Александр Бенуа свое краткое описание «искренности и душевной правдивости художника Добужинского» завершает восторженным отзывом о его человеческих качествах:
«Что же касается не художника, а человека Добужинского, то он несомненно принадлежит к числу наилучших и наипленительных. Беседа с ним создает всегда то редкое и чудесное ощущение уюта и какого-то лада, которое мне представляется особенно ценным и которое всегда свидетельствует о подлинном прекраснодушии. Добужинский — человек с прекрасной светлой душой!»
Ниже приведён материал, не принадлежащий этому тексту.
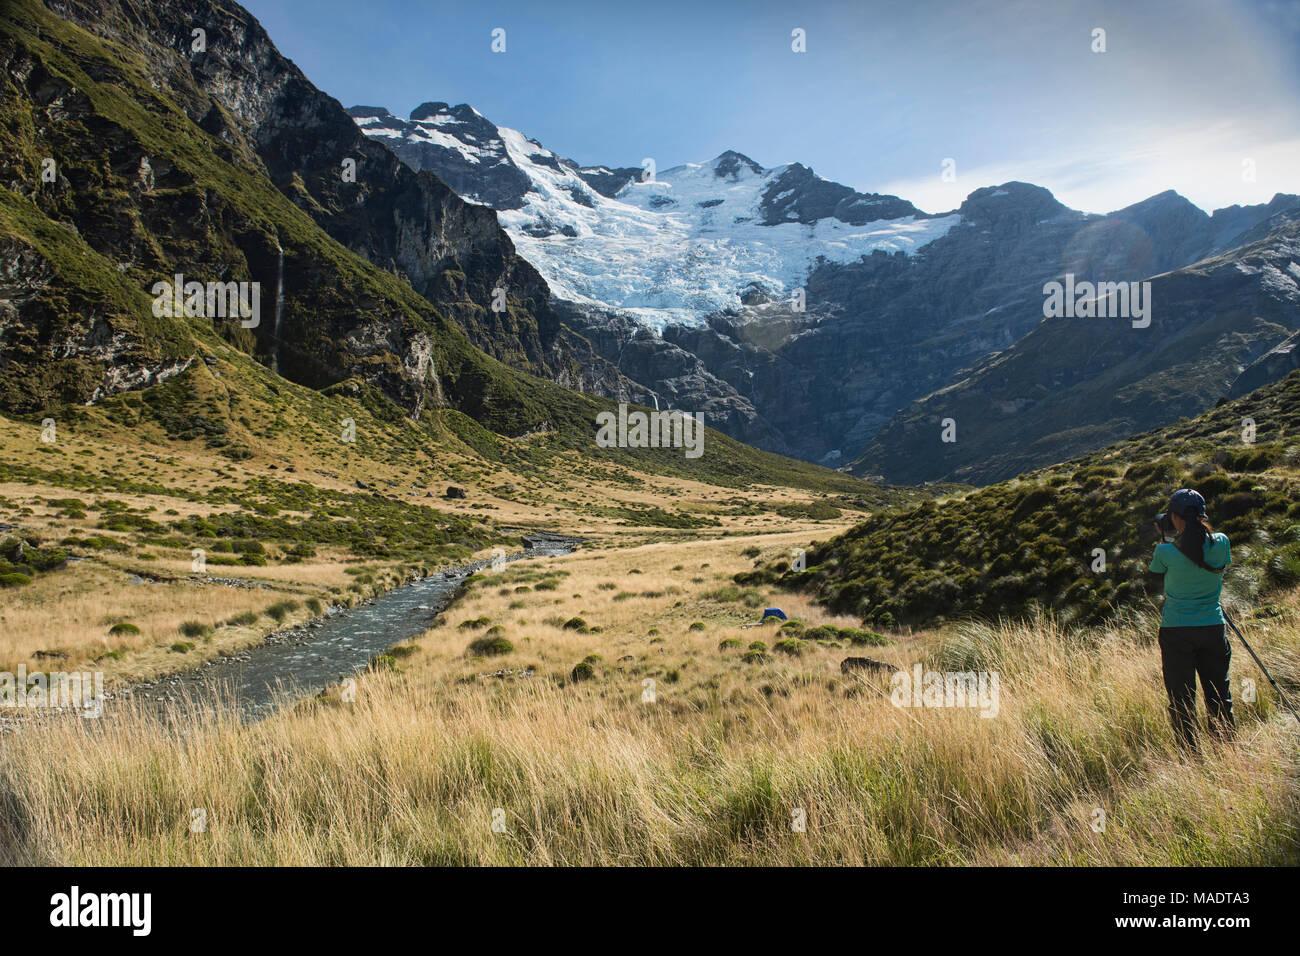 Favoloso paesaggio sotto Mt. Earnslaw (Pikirakatahi), posizione per The Hobbit film Glenorchy, Nuova Zelanda Immagini Stock
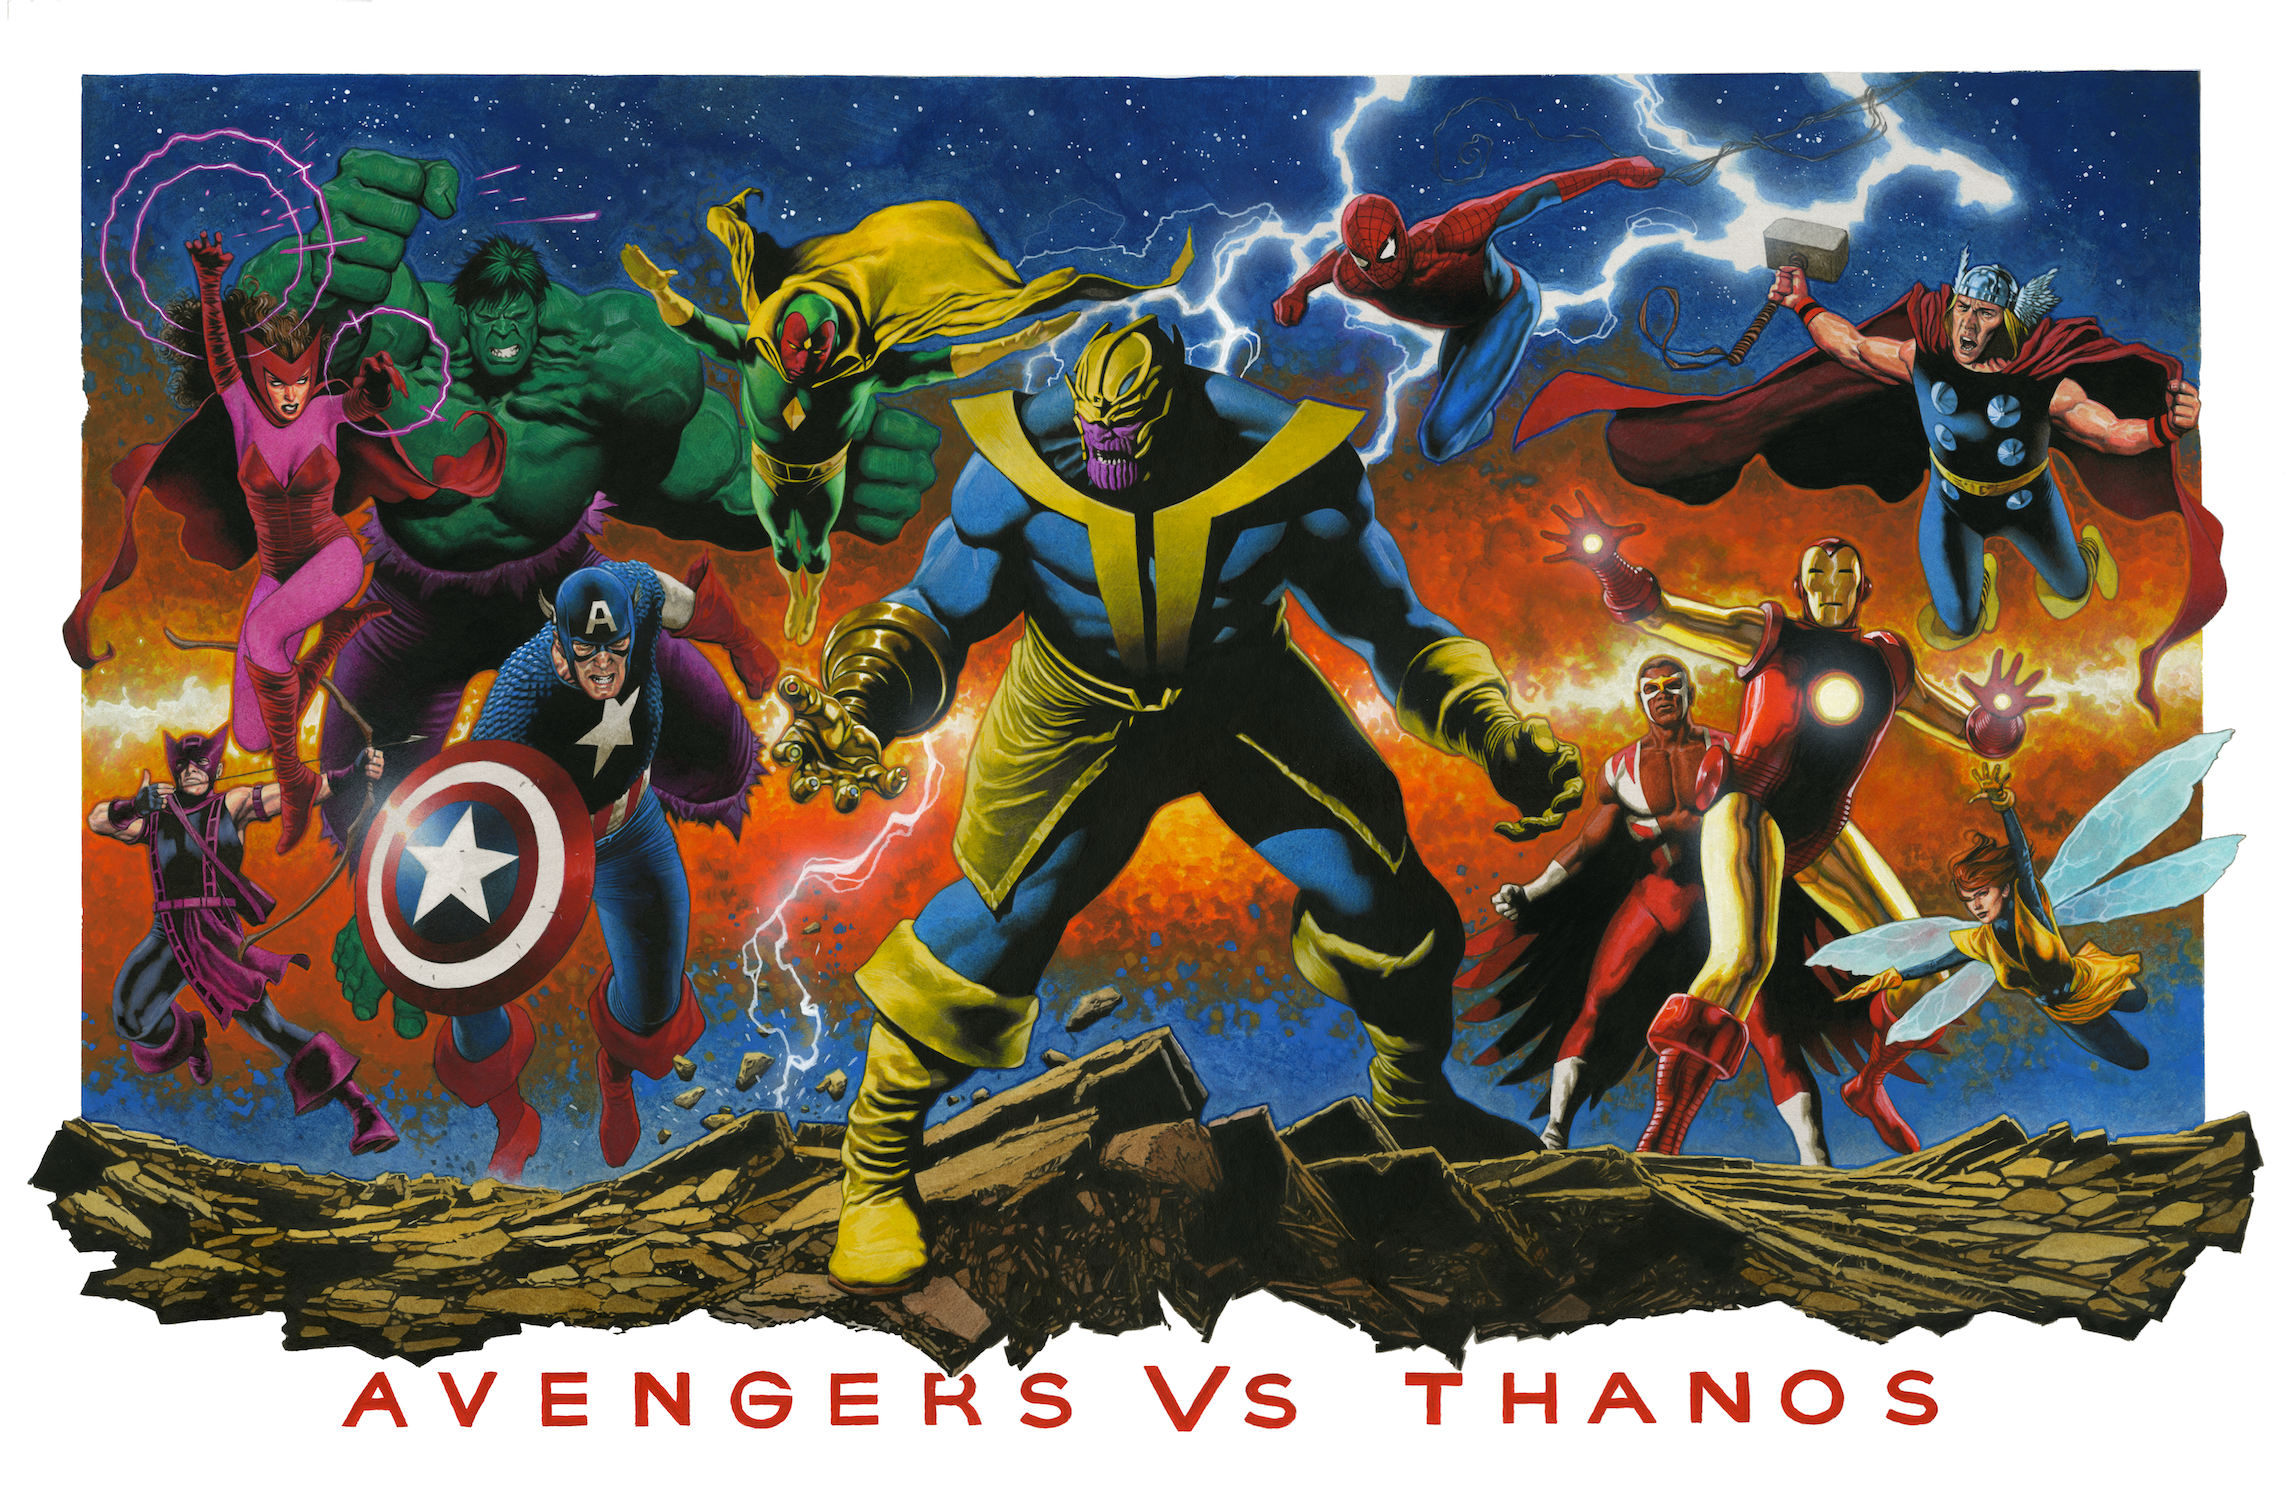 AvengersVsThanos.jpg

В 1914 г. 39-летний Добужинский был мобилизован в русскую армию и зачислен художником в управление Красного Креста. Он выезжал на фронт в Галицию, делал эскизы, а потом провел в Петрограде выставку фронтовых зарисовок.
Работал Добужинский по-прежнему много — и в книжной графике, и в театре. В 1913 г. вышла «Тамбовская казначейша» Лермонтова, оформленная Добужинским, а в 1917 г. — сказка Андерсена «Свинопас», оформление которой исследователь творчества Добужинского Г. Чугунов считает «вершиной графического искусства Добужинского».
В те же годы Добужинский создает панно для Училищного дома в Петербурге и делает стенные росписи в доме Евфимии Носовой. Появляются и новые рисунки из его цикла «Городские сны», навеянные Лондоном, а также новые портреты (в том числе портрет Тамары Карсавиной). Профессорство Добужинского в Новой художественной мастерской, созданной мирискусниками, заслужило похвальные отклики в печати…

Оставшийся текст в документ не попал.